Use Cutting-Edge Open-Weight AI Coding Models in Kilo Code
Get the top open-source and open-weight AI models in Kilo Code: GLM-5.1 and GLM-5 when you want hosted agentic coding, MiniMax M2.5 for practical free OSS workflows, Trinity Large Thinking for open reasoning, and local models you run yourself. No vendor lock-in.

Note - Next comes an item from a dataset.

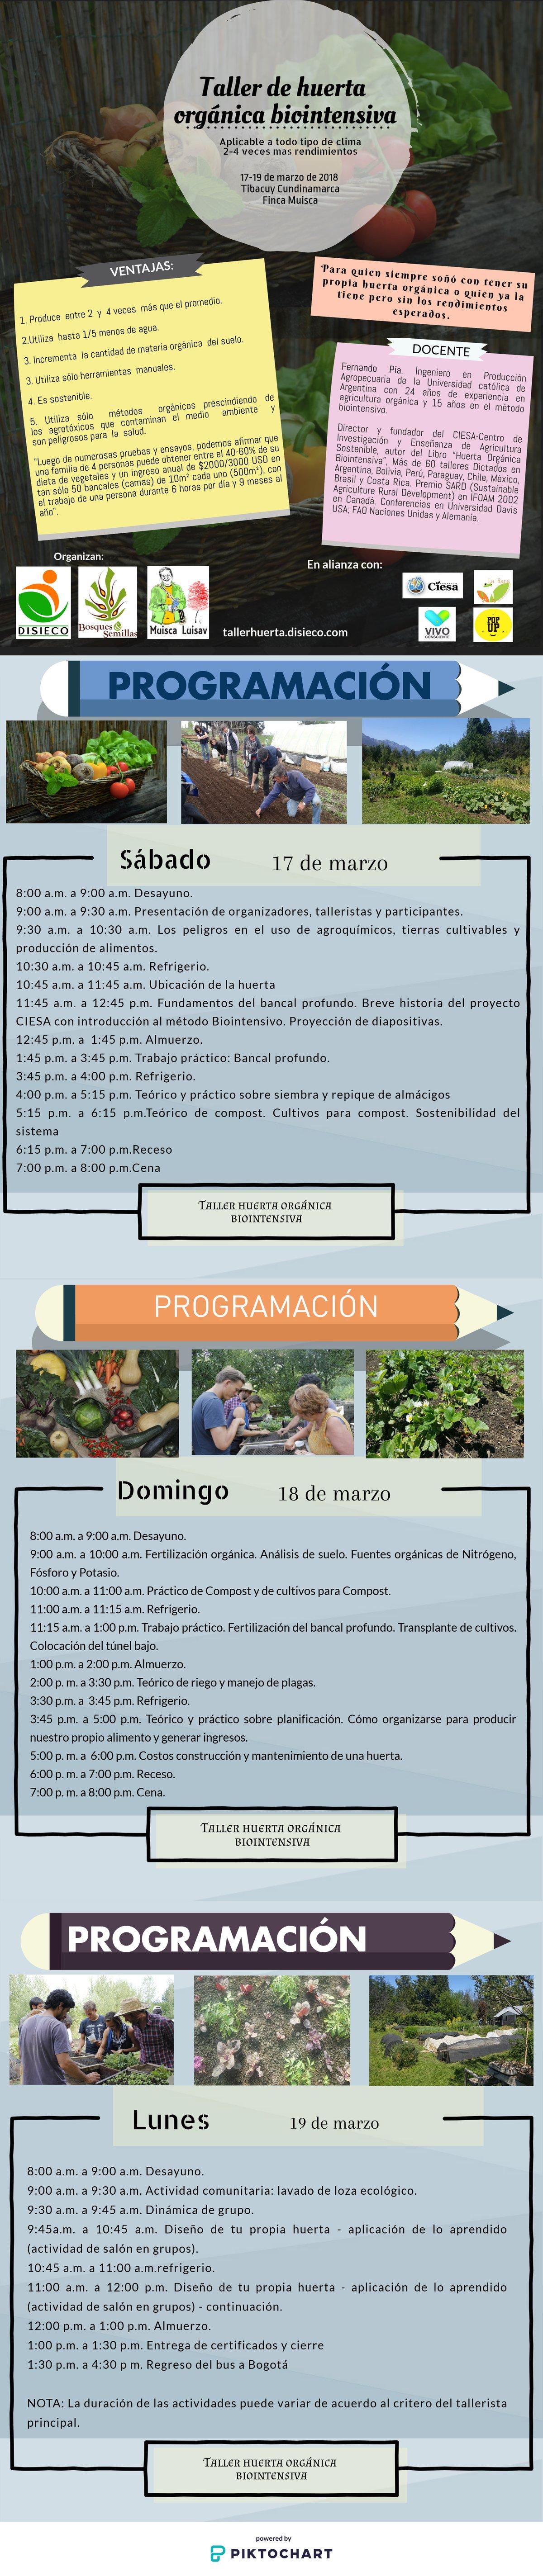 Programacion 29 ene 2018 web taller huerta orgánica biointensiva 17-19mar2018-v2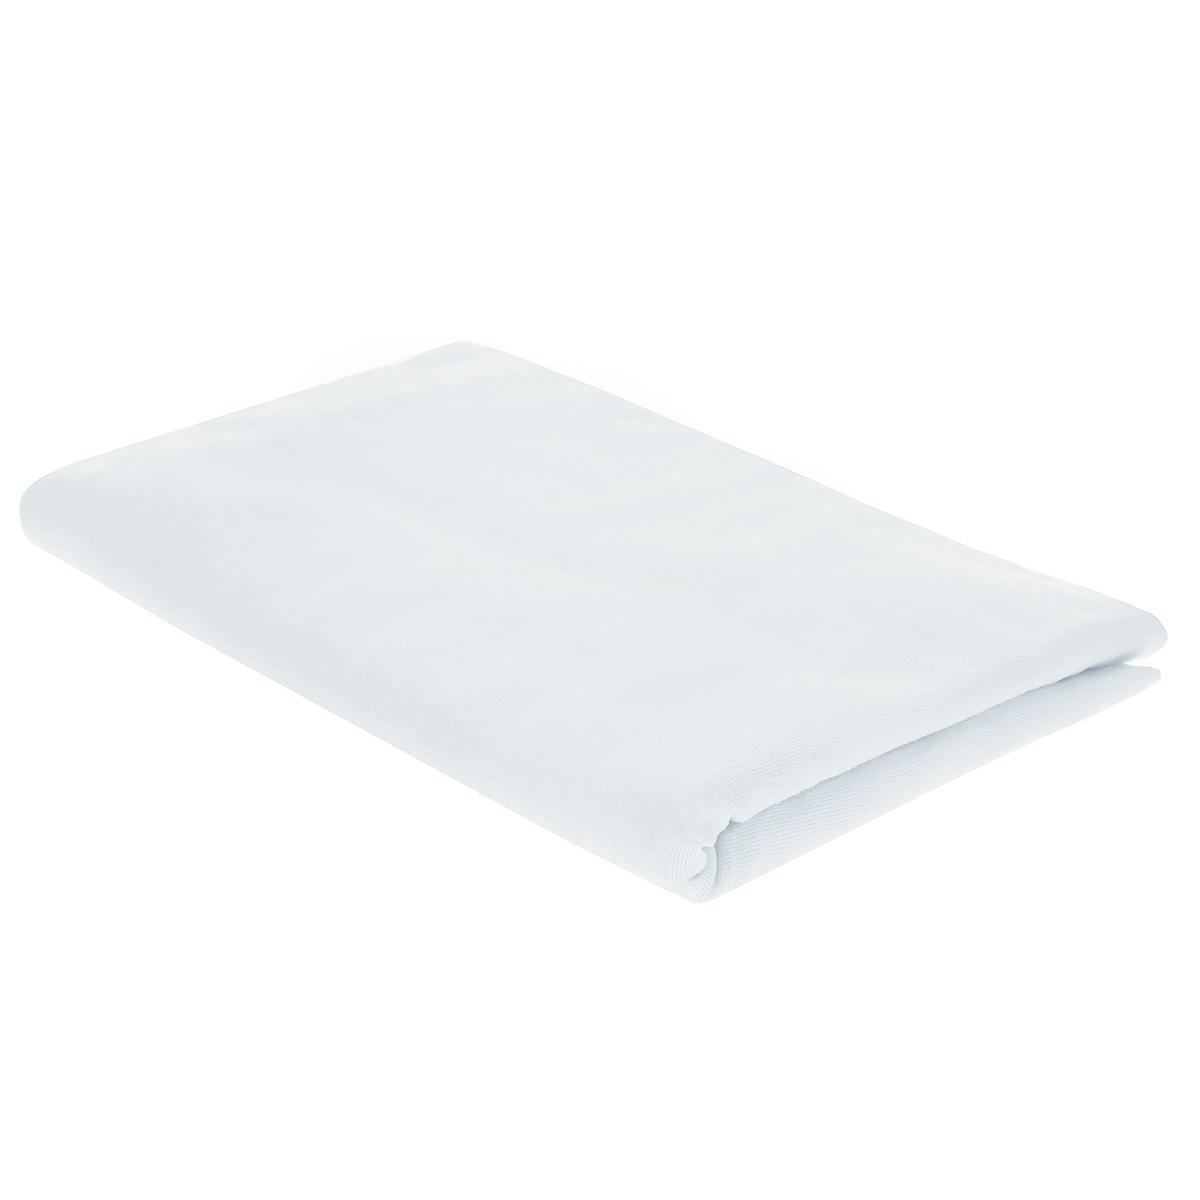 Пеленка трикотажная Трон-Плюс, цвет: белый, 120 см х 90 см5401 бДетская пеленка Трон-Плюс подходит для пеленания ребенка с самого рождения. Она невероятно мягкая и нежная на ощупь. Пеленка выполнена из кулирки - тонкого трикотажного материала из хлопка гладкого покроя. Такая ткань прекрасно дышит, она гипоаллергенна, почти не мнется и не теряет формы после стирки. Мягкая ткань укутывает малыша с необычайной нежностью. Пеленку также можно использовать как легкое одеяло в жаркую погоду, простынку, полотенце после купания, накидку для кормления грудью или солнцезащитный козырек. Ее размер подходит для пеленания даже крупного малыша. Характеристики: Размер пеленки: 120 см x 90 см.

Latest Open-Weight Releases to Watch
The open model frontier is moving every week. These releases are worth tracking now: use Kilo-hosted models when they appear in the picker, use local runtimes for downloaded weights, or connect OpenAI-compatible providers with BYOK.
GLM-5.1
GLM-5.1 is Z.ai's newest model for agentic engineering. It is designed to stay productive across long sessions: breaking down ambiguous problems, running experiments, reading terminal output, identifying blockers, and revising strategy over many tool calls.
GLM-5
GLM-5 is an Apache-licensed 744B-A40B open foundation model built for complex systems design and long-horizon agent workflows. Z.ai publishes local-serving guidance and weights for teams that want to host the GLM-5 series themselves.
Trinity Large Thinking
Arcee upgraded Trinity Large from a preview instruct model into a thinking model for multi-turn tool calling, cleaner instruction following, and stable long-horizon agent loops. The weights are released under Apache 2.0.
MiniMax M2.5
MiniMax M2.5 is a high-throughput open-weight coding model built for real-world productivity. Kilo developers are using the free hosted variant heavily across coding and agent workflows, making it one of the most practical OSS models to try first.
Open Source Never Sleeps
Innovation isn't limited to Silicon Valley. Open-source AI models come from labs and researchers across the globe, democratizing access to cutting-edge technology.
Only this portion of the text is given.